From the validation it can be seen that predictions seems accurate.

## Collaborative filtering using implicit library

Implicit Collaborative filtering is a method developed to make use of implicit information from user preferences like click or visits behavior rather than explicit information like product rating and purchases records.
I this section *implicit* ([library](https://github.com/benfred/implicit)) is evaluated to implement implicit collaborative filtering.

In [8]:
data = pd.read_csv("/home/carlos/scripts/dataScience/data/lastfm-matrix-germany.csv")
data = data.drop('user',1)
data = data.T
data.head()

Unnamed: 0,0,1,2,3,4,5,6,7,8,9,...,1247,1248,1249,1250,1251,1252,1253,1254,1255,1256
a perfect circle,0,0,0,0,0,0,0,0,0,0,...,0,0,0,1,0,0,0,0,0,0
abba,0,0,0,0,0,0,0,0,0,0,...,0,0,0,0,0,0,0,0,0,0
ac/dc,0,0,0,0,0,0,0,0,0,0,...,0,0,0,0,0,1,0,1,0,0
adam green,0,1,0,0,0,0,0,0,0,0,...,0,0,0,0,0,1,0,0,0,1
aerosmith,0,0,0,0,0,0,0,0,0,0,...,0,0,0,0,0,1,0,0,0,0


In the following code the method is implemented. From which can be seen that no parameters are required.

In [15]:
## tranform data to sparse matrix
count = csr_matrix(data,dtype=np.float64)

# initialize a model
model = implicit.als.AlternatingLeastSquares()

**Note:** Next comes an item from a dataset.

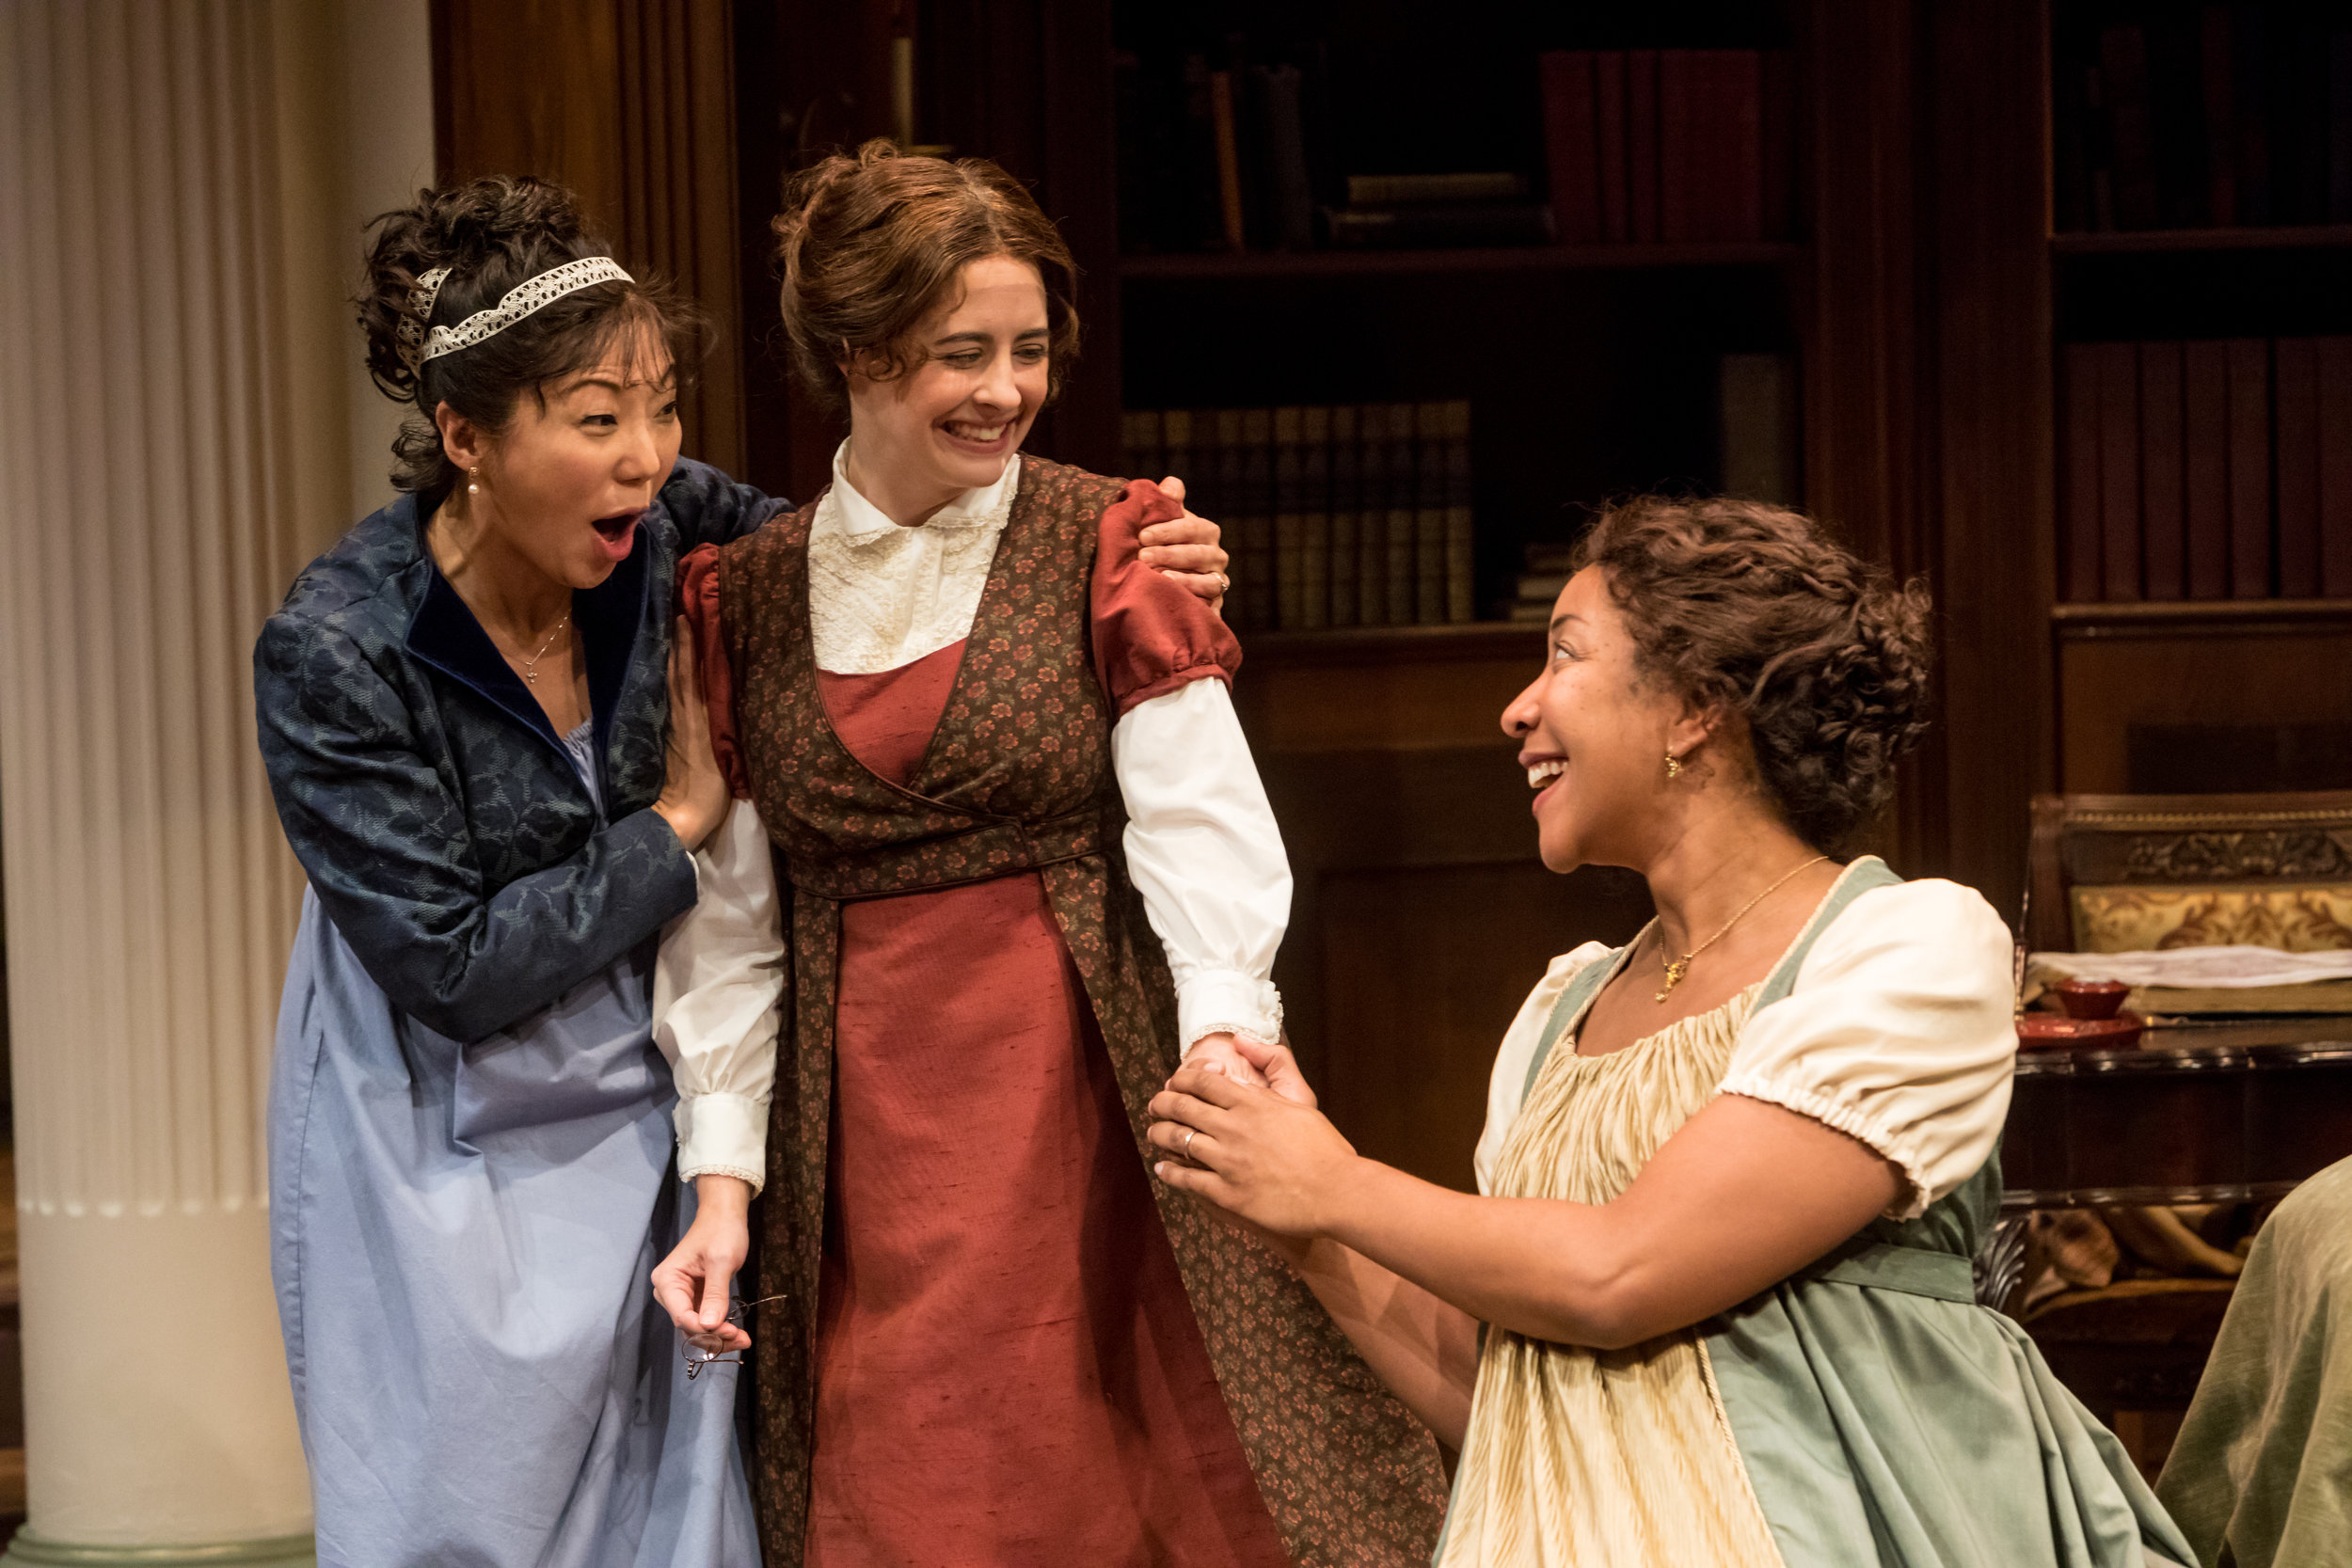 3 women in period clothing laughing

# train the model on a sparse matrix of item/user/confidence weights
np.random.seed(23)
model.fit(count)




### Validation

In [16]:
## check recommendations for guns n roses
rec = model.similar_items(names.index("guns n roses"))
[names[rec[i][0]] for i in range(1,len(rec))]


['black sabbath',
 'mando diao',
 'death cab for cutie',
 'simple plan',
 'arcade fire',
 'joy division',
 'bloc party',
 'dido',
 'eminem']

It can be seen that predictions are not accurate. 

## Conclusions

In this report, two Collaborative Filtering algorithms are assesed. First, a similarity based method is implemented. Importantly, this method was the more accurate based on manually checked predictions. However, a major disadvantage of this method is its scalability. On the other hand, Implicit Collaborative filtering using implicit library has the advantage of better performance. However, in our hands the quality of predicitons were not accurate.